With the threat of coronavirus looming over the Florida and national economy, lawmakers are starting to consider the broader economic implications on the state budget. Prior to the spread of the virus and the resulting economic jitters, state economists gave Governor Ron DeSantis enough confidence to call for a $91.4 billion state budget that included a number of tax cuts. But if the economy does start to contract, state coffers will the feel the pinch, and when combined with those cuts, could result in a significant shortfall.
“What we’re going to see now, from here on out and into the summer,” said House Speaker Jose Oliva yesterday, “is probably a difficult economy.”
Oliva made the remark after DeSantis declared a state of emergency, giving him expanded powers to deal with the slowly spreading coronavirus.
Under Florida’s constitution, the state must have a balanced budget. Thanks to former Governor Rick Scott’s financial stewardship, the state maintains a healthy rainy day fund, and the state reduced its debt burden by billions of dollars.
But several factors could jeopardize tax cuts in key economic sectors this year. Florida’s legislative session started two months early this year to dispense with public policy in order to accommodate the politics of a national election cycle. But that also means that lawmakers have to decide on state spending two months earlier than usual, in a year when there’s far more economic uncertainty.
A significant portion of Florida’s revenue comes from sales taxes. When people aren’t traveling to Florida, they aren’t spending money and then we aren’t able to pay for state priorities – like fighting new diseases and making sure we’re prepared for the worst.
The Florida House already passed one tax package that would reduce state revenue by about $115 million. But Senate President Bill Galvano said during a press conference on Monday that money for teacher pay raises and several proposed tax cuts could be trimmed.

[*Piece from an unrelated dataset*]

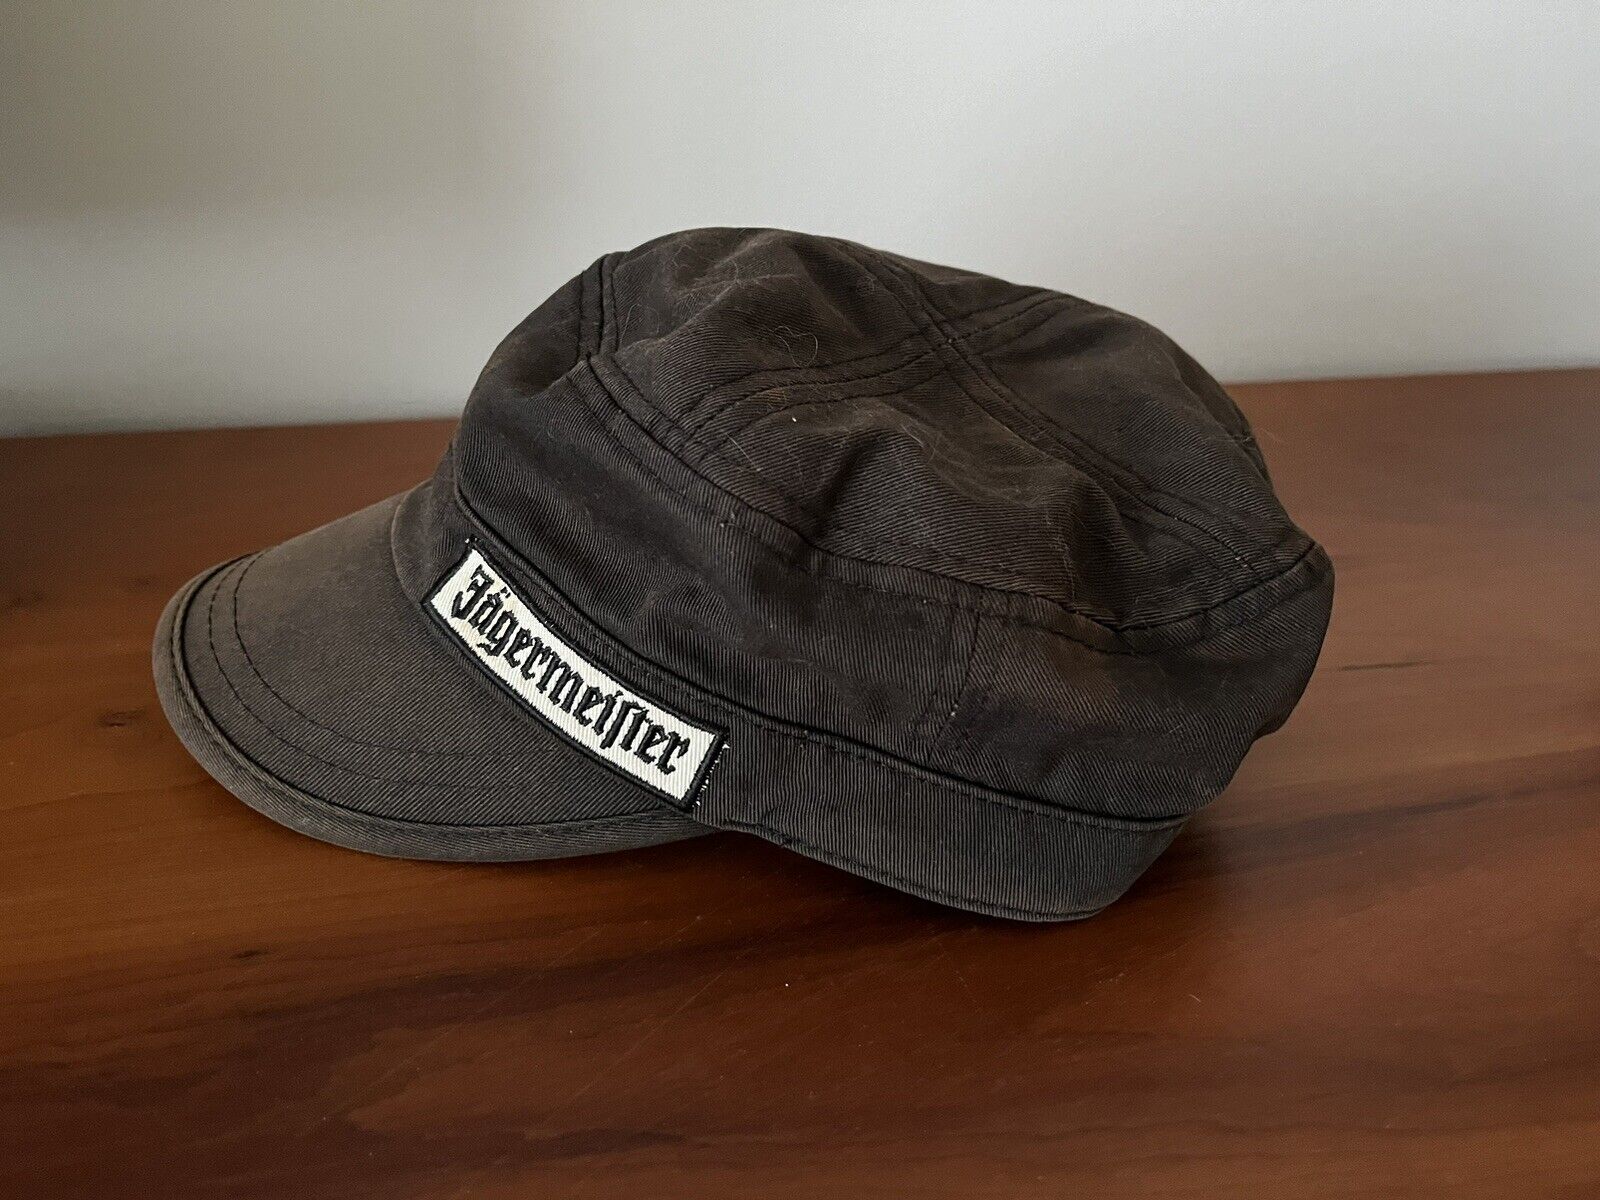 Jagermeister Vintage Cadet Style Brown Embroidered Adjustable Hat Cap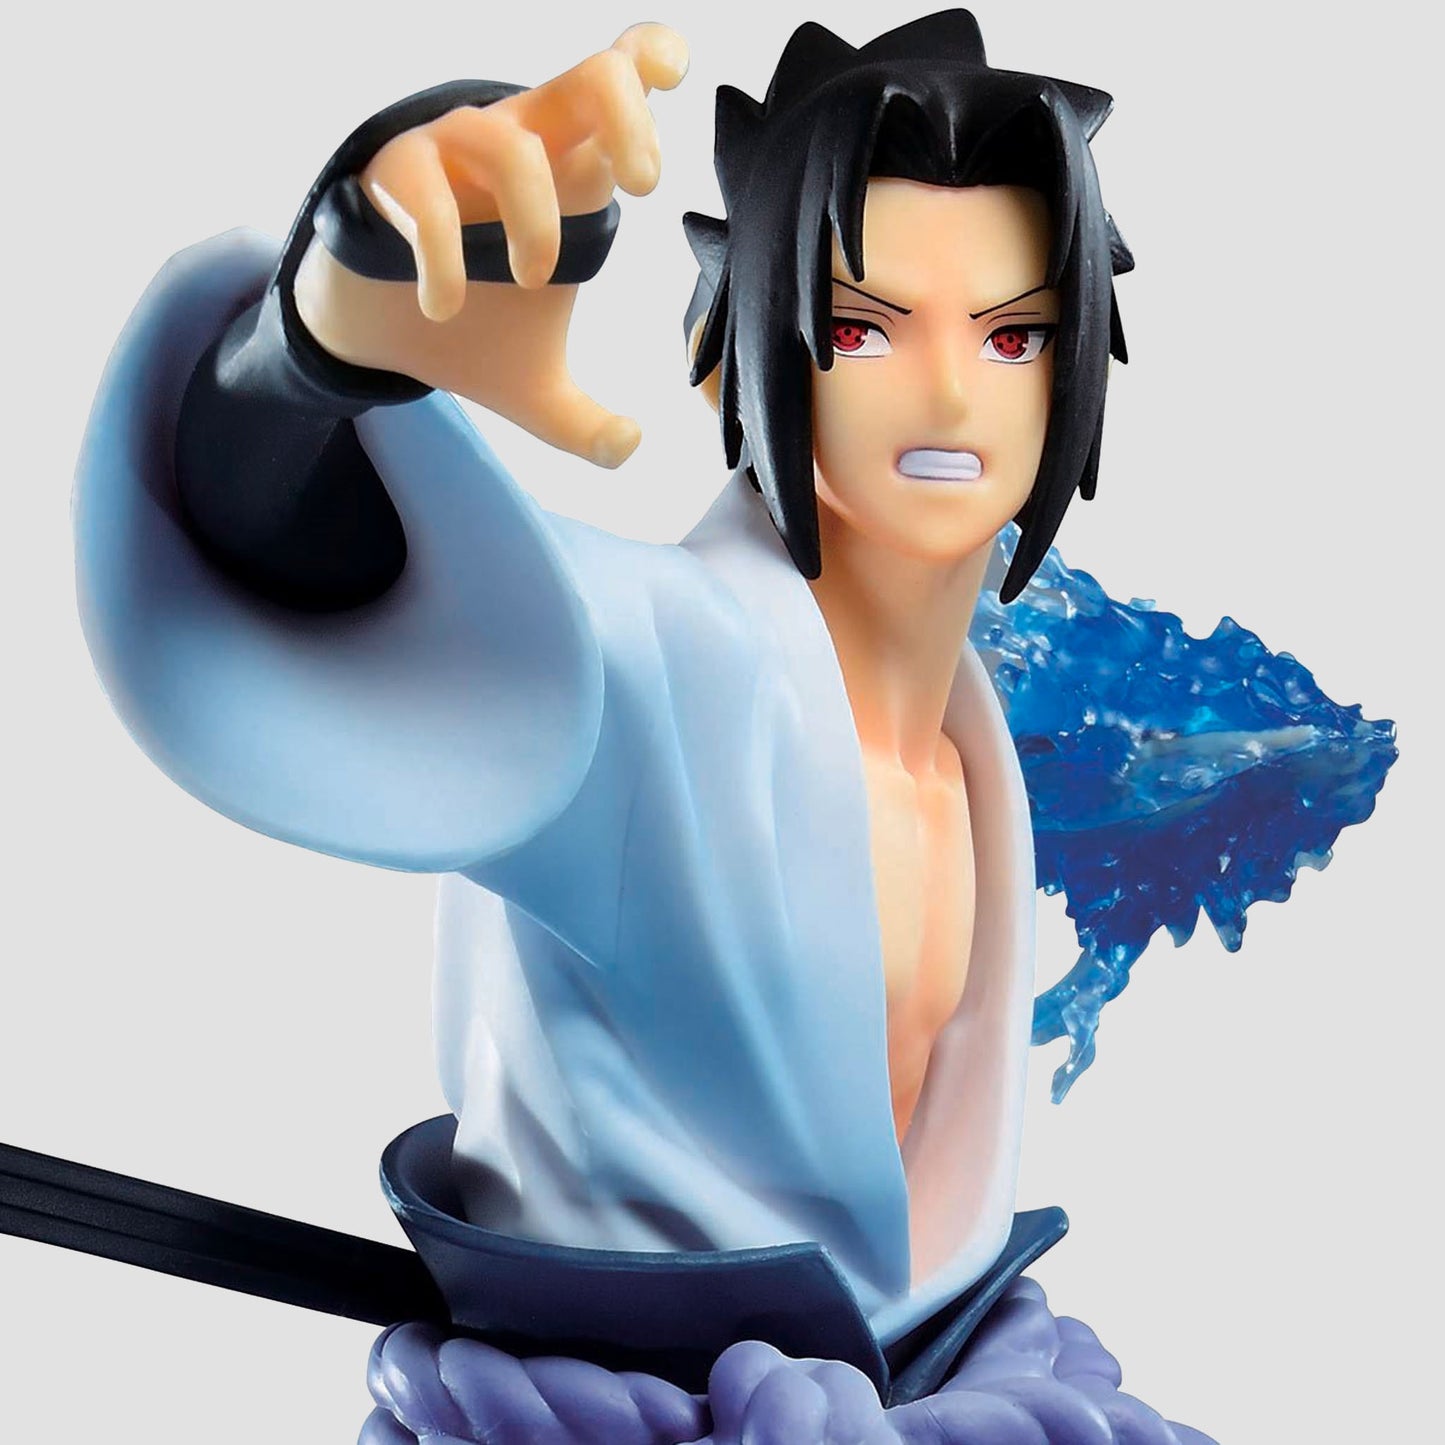 Sasuke Uchiha Chidori Action Figure Naruto Shippuden Anime PVC Figurine

One such tax package: HB 7097, which was passed by the House last Friday and, as a whole, would cut revenue by about $115 million. Two of the provisions within that package have drawn criticism: tax breaks for commercial airlines and rental car companies. Cutting the aviation fuel tax is projected to have a budget impact around $8-9 million while the rental car tax break could result in the neighborhood of a $6 million hit to the state budget.
For airlines, that tax break amounts to about a penny per gallon of fuel. It’s the sort of tax break that doesn’t really stimulate additional economic activity – at least not in the short run. And while tax cuts are generally good for Florida’s business climate, they are especially good when the tax relief directly reaches consumers.
With so many unknowns, lawmakers face a difficult decision: cut deeply into state revenue streams as if we’re still riding an economic high, or take a somewhat more conservative fiscal path by scaling back some of the indirectly beneficial tax cuts, such as the tax breaks for airlines and rental car companies, and focus on the essential consumer tax breaks, especially those for people who will use the extra pocket money to keep Florida’s economy moving.